Jostling for position continues in biosimilars market

The jostling for position and future share of the increasingly attractive biosimilar market continues to gather momentum – yesterday came news that Merck & Co has licensed an Enbrel biosimilar and Actavis is seeking an emerging market partner to develop its own copycats of the world’s biggest biologics.

Merck’s targeting of Amgen’s Enbrel is logical given it was the biggest-selling biological product in the US in 2010 with sales of $3.3bn and loses patent protection next year. Although the patent cliff for biologics is not as dramatic as that afflicting small molecule drugs, biological products account for 20% of the total $130bn US sales at risk over the next six years. As for Actavis, EvaluatePharma data reveals it is unlikely to be short of partnering opportunities, with over 80 companies, mostly in emerging markets, already marketing or developing biosimilar products (see tables below).

Competition afoot

Merck licensed global rights to HD203 from Korean company Hanwha, for an undisclosed sum. Hanwha is currently conducting a therapeutic equivalence phase III trial of HD203 against Enbrel in Korea, although no clinical trials of the biosimilar have yet been conducted in the US or Europe.

Meanwhile, Claudio Albrecht, Actavis’ chief executive, told Bloomberg the European generics giant is looking at ways to develop its biosimilar capabilities, particularly against the big selling cancer antibodies, such as Avastin.

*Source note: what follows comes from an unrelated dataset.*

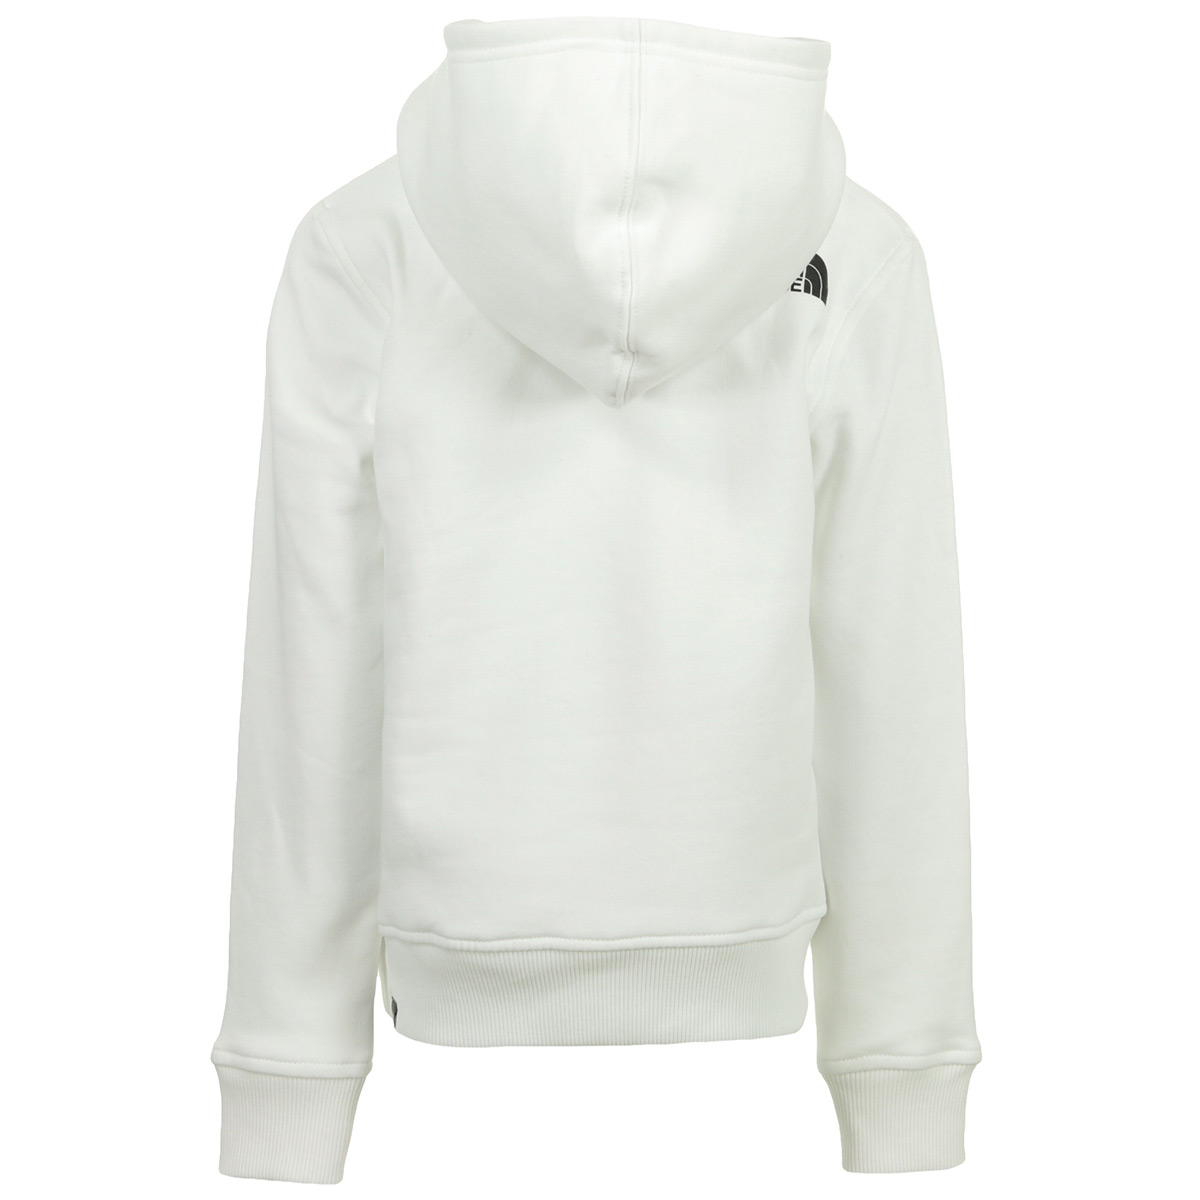 The North Face Y Box P O Hoodies

The table below reflects the height of the patent cliff currently facing the industry, with biological products set to make up an increasing proportion of the drugs at risk of generic competition. The data are slightly updated from an earlier patent cliff analysis by EP Vantage (Patent storm gathering strength, January 28, 2011).

Enbrel alone accounts for 10% of US sales at risk in 2012, while 2013 sees four biological blockbusters – Epogen, Avonex, Humalog and Procrit – under potential biosimilar threat.

Of course there is still the significant matter of US and European regulators rubber-stamping a regulatory pathway for biosimilars – lobbying by both sides of the debate continues although there is a feeling that within the next 18 months the process should be almost complete.

Which would bring Enbrel into play, as it is set to lose patent protection in October 2012 and its 12-year exclusivity expired in November 2010. Indeed, if 12 years of data exclusivity stands for biologics, as under existing US law, it will not offer much additional protection to the biggest biologics today.

As the table below shows, six of the top ten biggest selling biologics in the US have already gone beyond 12 years since FDA approval.

What is also striking about these sales forecasts is how analysts appear to be predicting only a minimal impact from biosimilar competition. For example Enbrel sales decline only gradually between 2012 and 2016. Most commentators currently expect biosimilars to grab around 30% of an original drug's market and, far less severe than for conventional drugs, due to fewer competitors and higher development and manufacturing costs. Yet the figures above throw up the possibility that the impact of these copycats could be even more benign.

As for potential partners or acquisition targets for Actavis, the table below highlights some of the biosimilar companies that would fit the bill.

Indeed, if Actavis wants to jump on the Enbrel biosimilar bandwagon, another Korean player, LG Life Sciences, or Chinese company, Simcere Pharmaceuticals, already have candidates in development.

Korea is becoming quite a hub for companies developing biosimilar capabilities – aside from Hanwha and LG, the likes of Celltrion, Dong-A and Green Cross could attract interest from the generics players and big pharma alike.